* DESCRIPTION OF THE TASK *
Reproduce exactly, and only, the lines of the material below running from the line bearing "5Pcs 5A 8P DIN" through the line bearing "Moving Range Chart Calculations". Leave any pictures out.

* INPUT DATA *
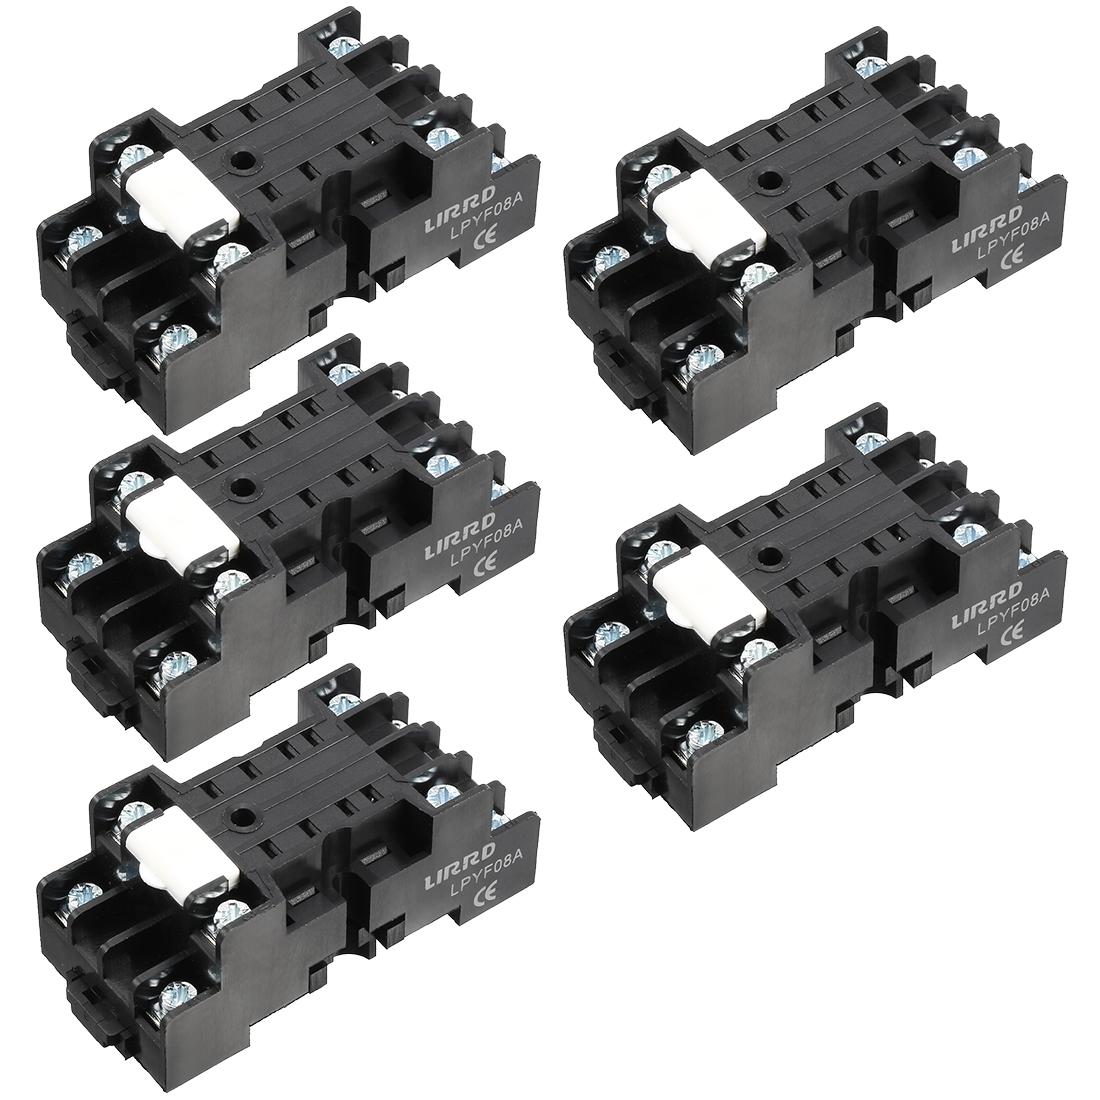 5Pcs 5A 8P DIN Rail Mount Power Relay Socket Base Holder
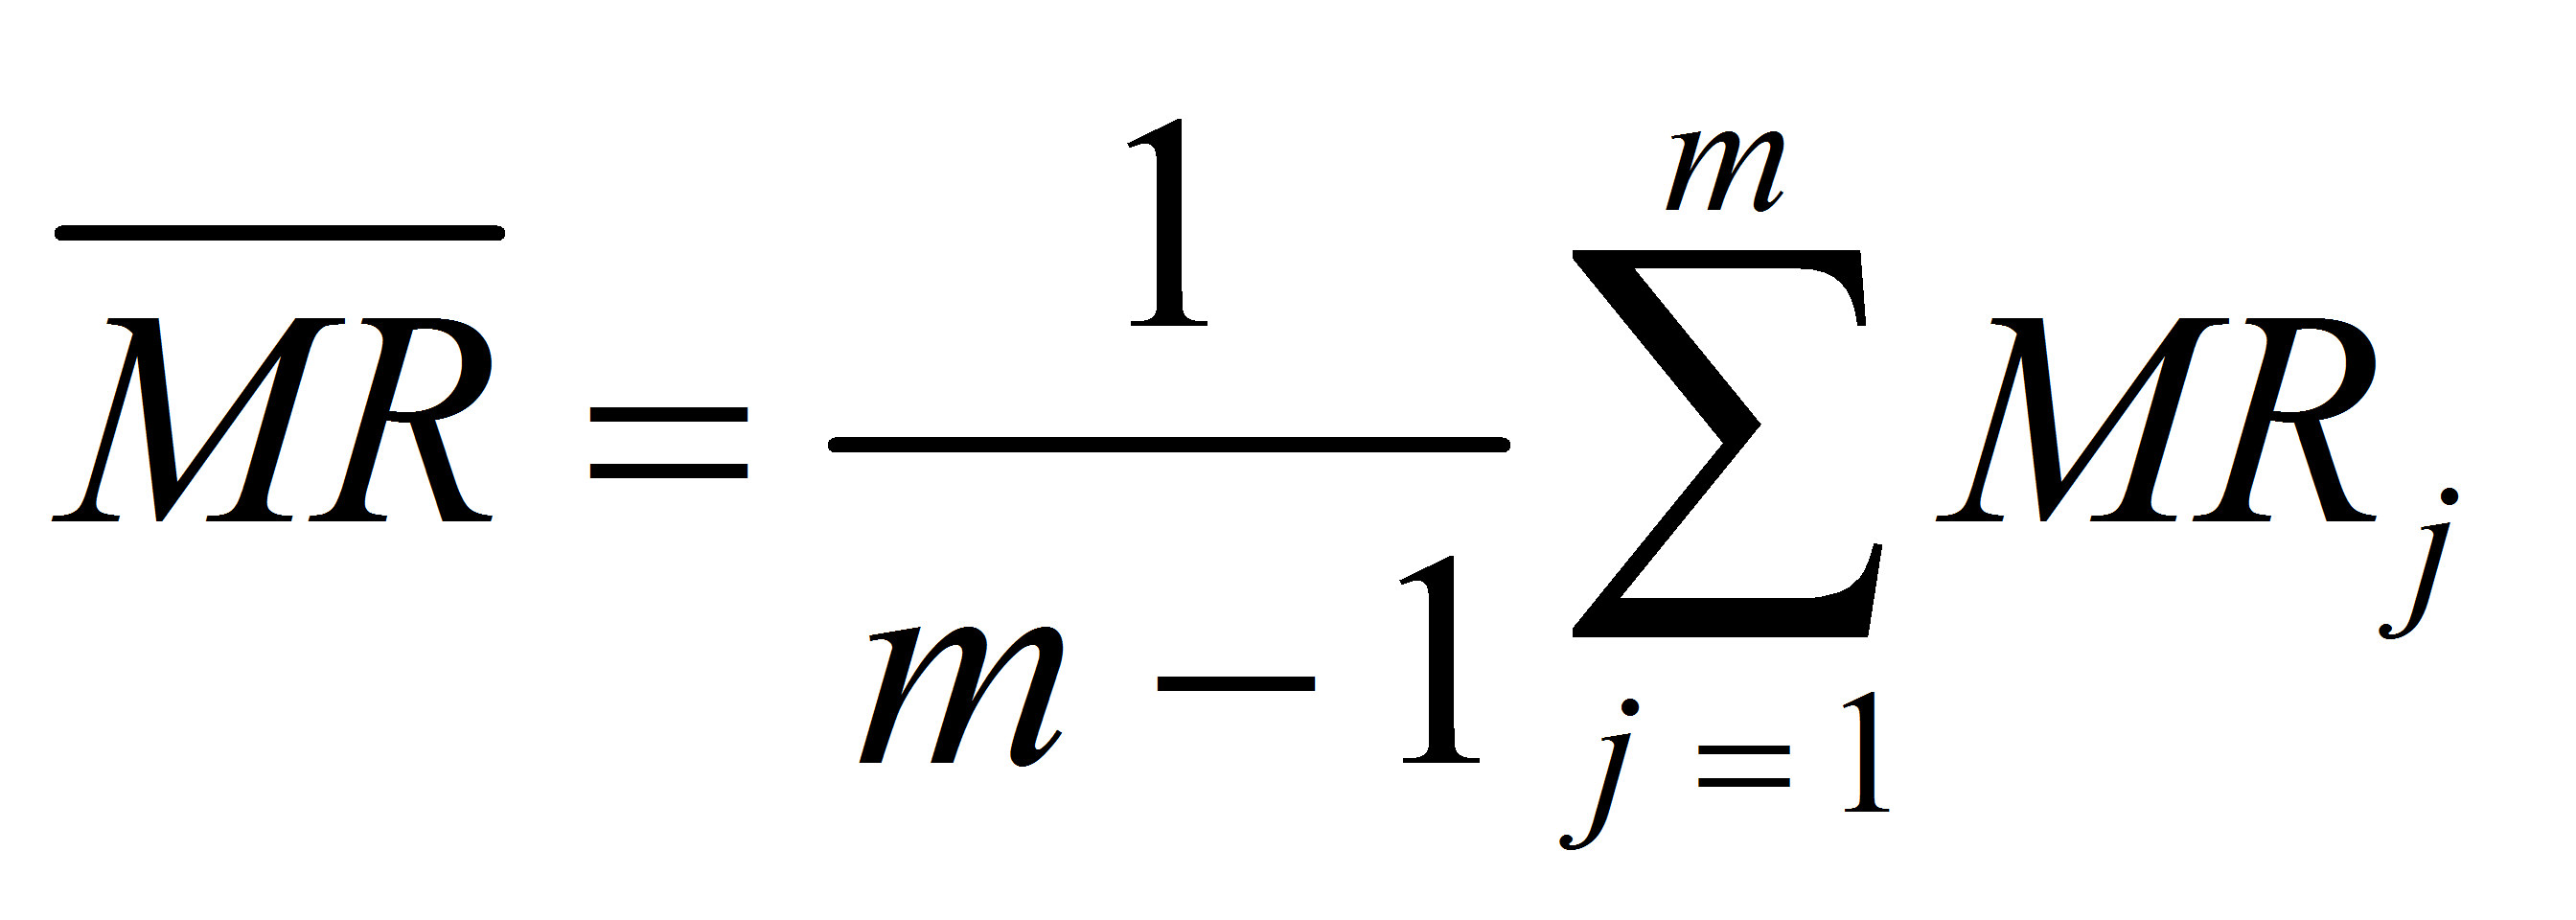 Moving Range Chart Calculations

---

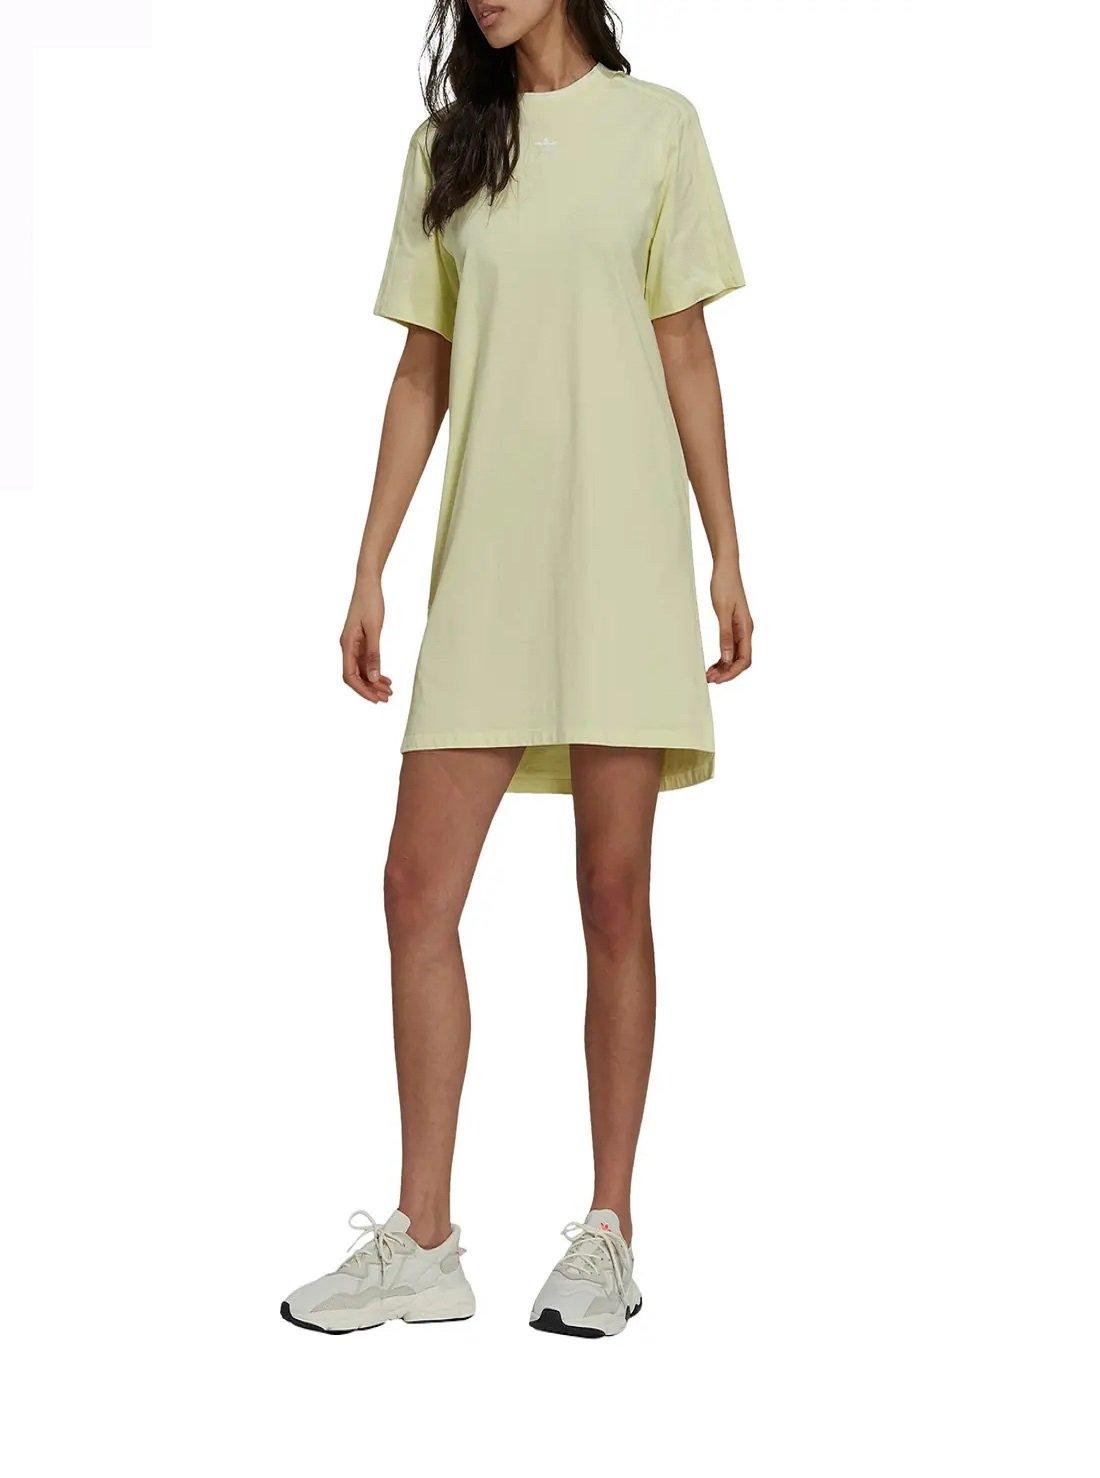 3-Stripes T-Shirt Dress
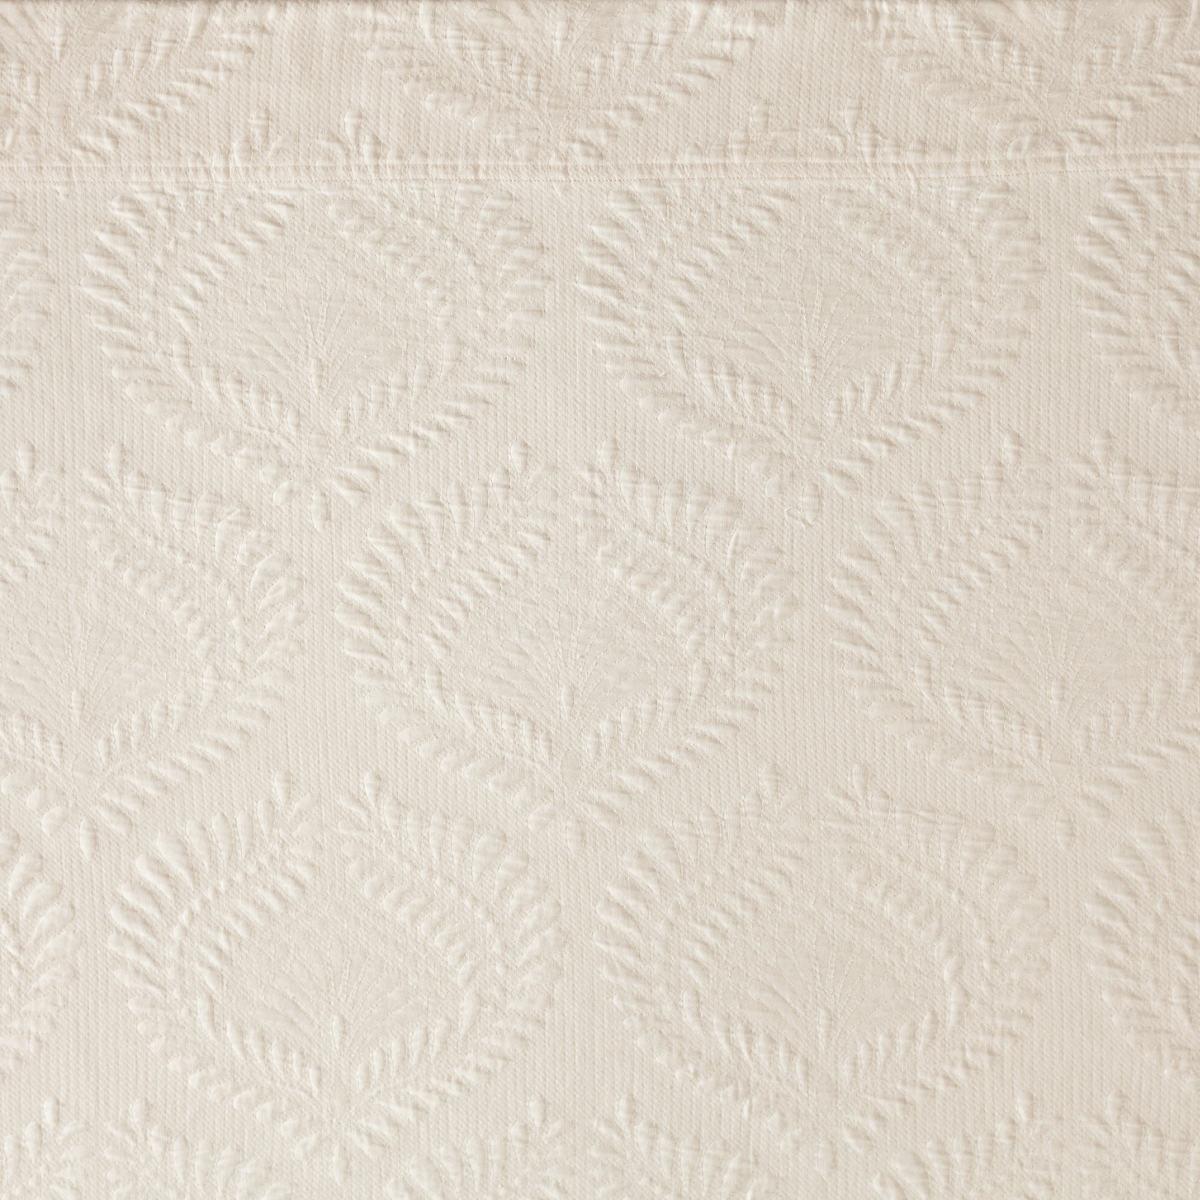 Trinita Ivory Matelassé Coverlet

* COMPLETED EXERCISE *
 5Pcs 5A 8P DIN Rail Mount Power Relay Socket Base Holder
 Moving Range Chart Calculations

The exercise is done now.